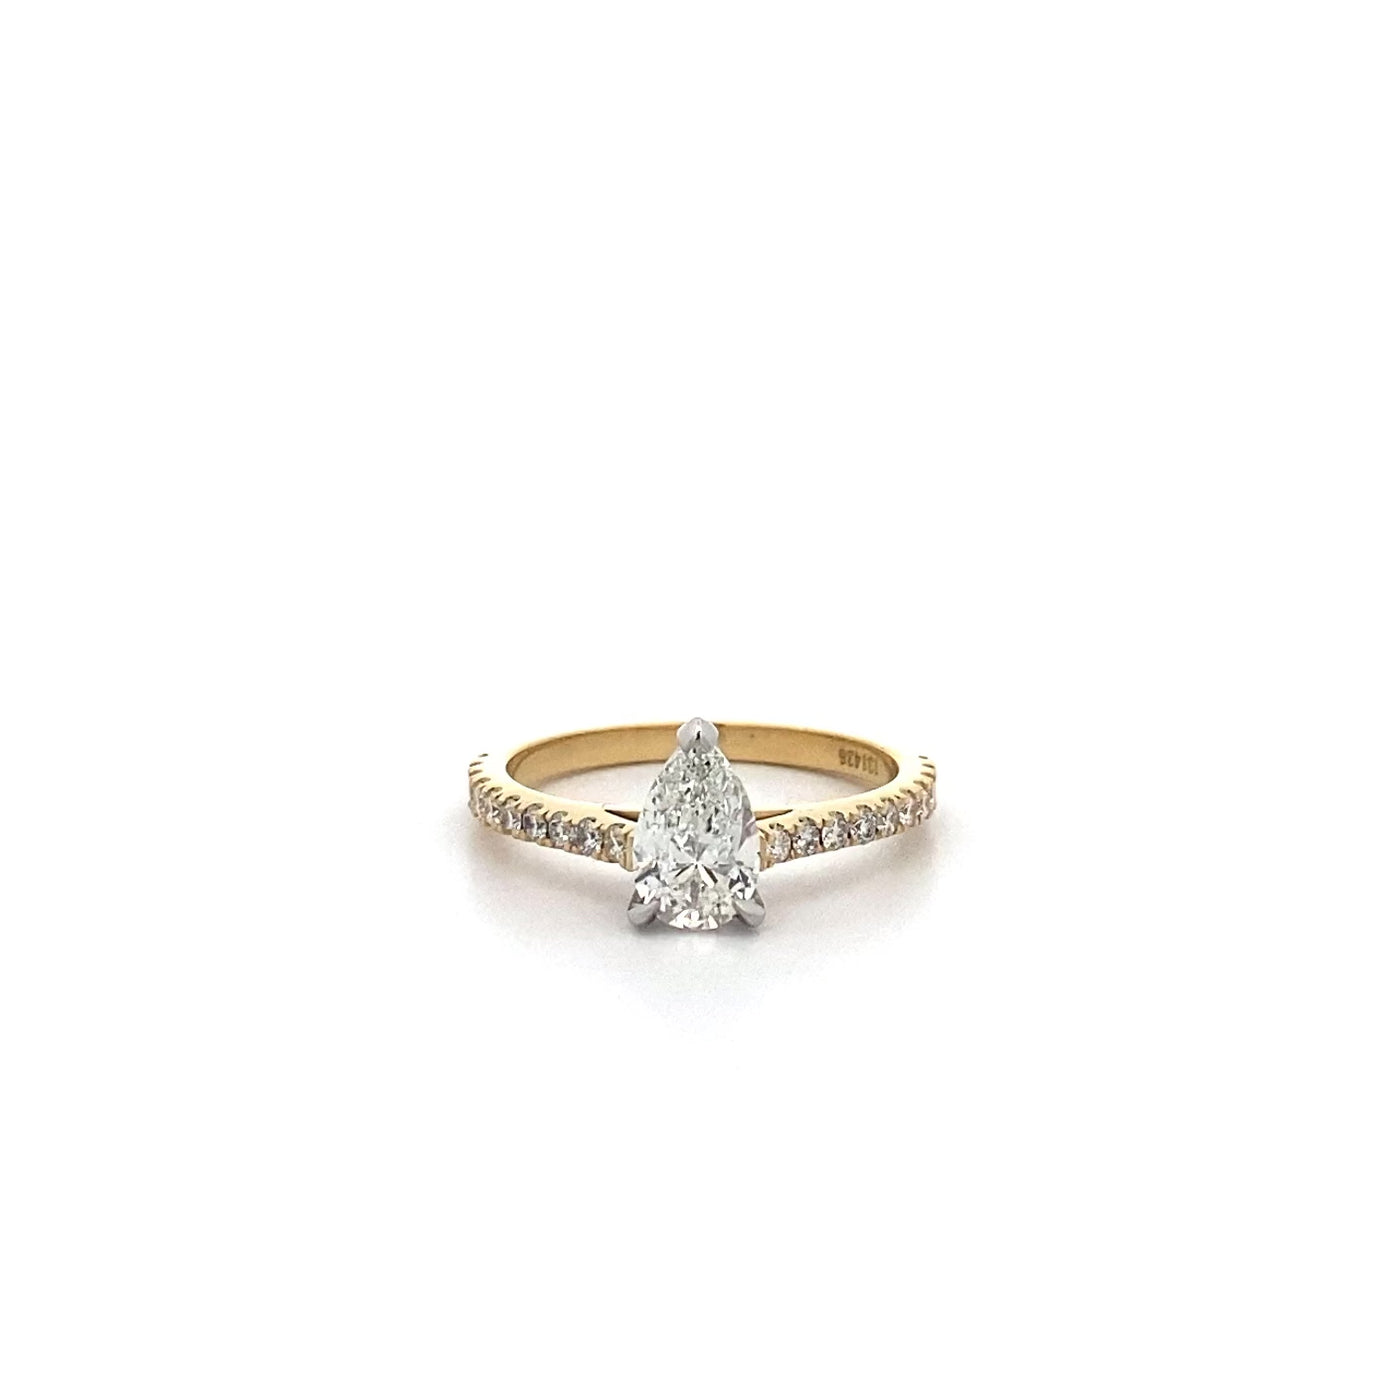 Belle: Pear Cut Diamond Solitaire Ring
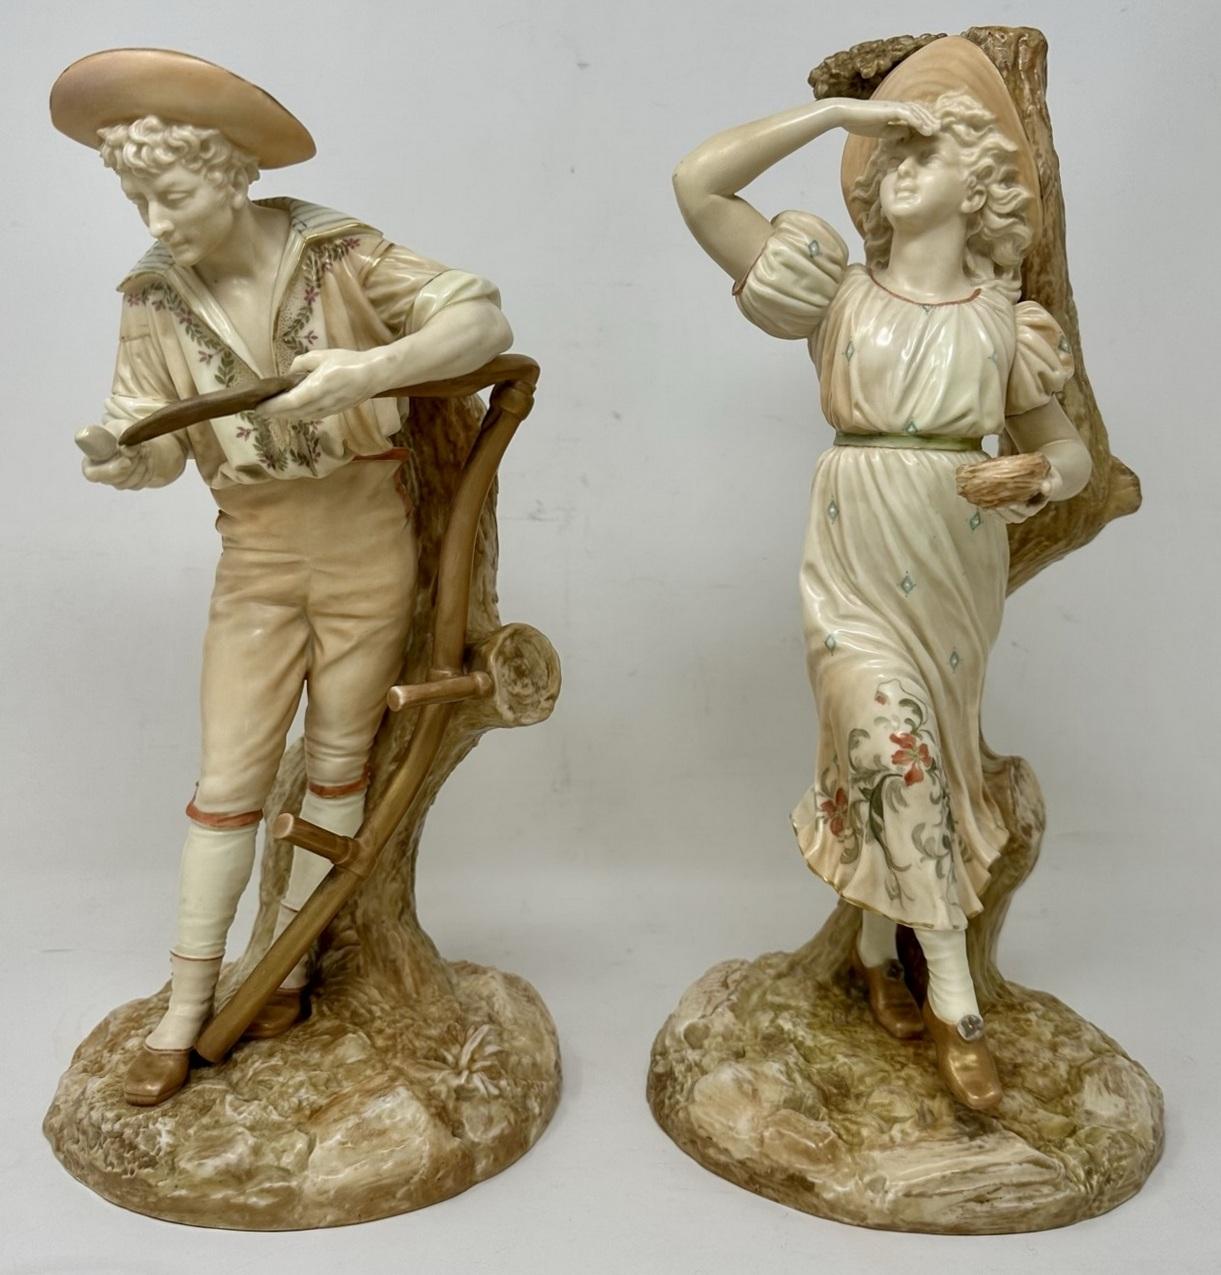 An imposing Pair of English Royal Worcester Hand Painted Standing Figures by James Hadley, decorated in pastel colours with gilt highlights, last quarter of the Nineteenth Century. 

Superbly modelled as a man sharpening his scythe and a woman
---+---
Exercise instructions: Only the pictures are to be left out; repeat all other material exactly.

Answer to the exercise:
 Belle: Pear Cut Diamond Solitaire Ring
 An imposing Pair of English Royal Worcester Hand Painted Standing Figures by James Hadley, decorated in pastel colours with gilt highlights, last quarter of the Nineteenth Century. 

Superbly modelled as a man sharpening his scythe and a woman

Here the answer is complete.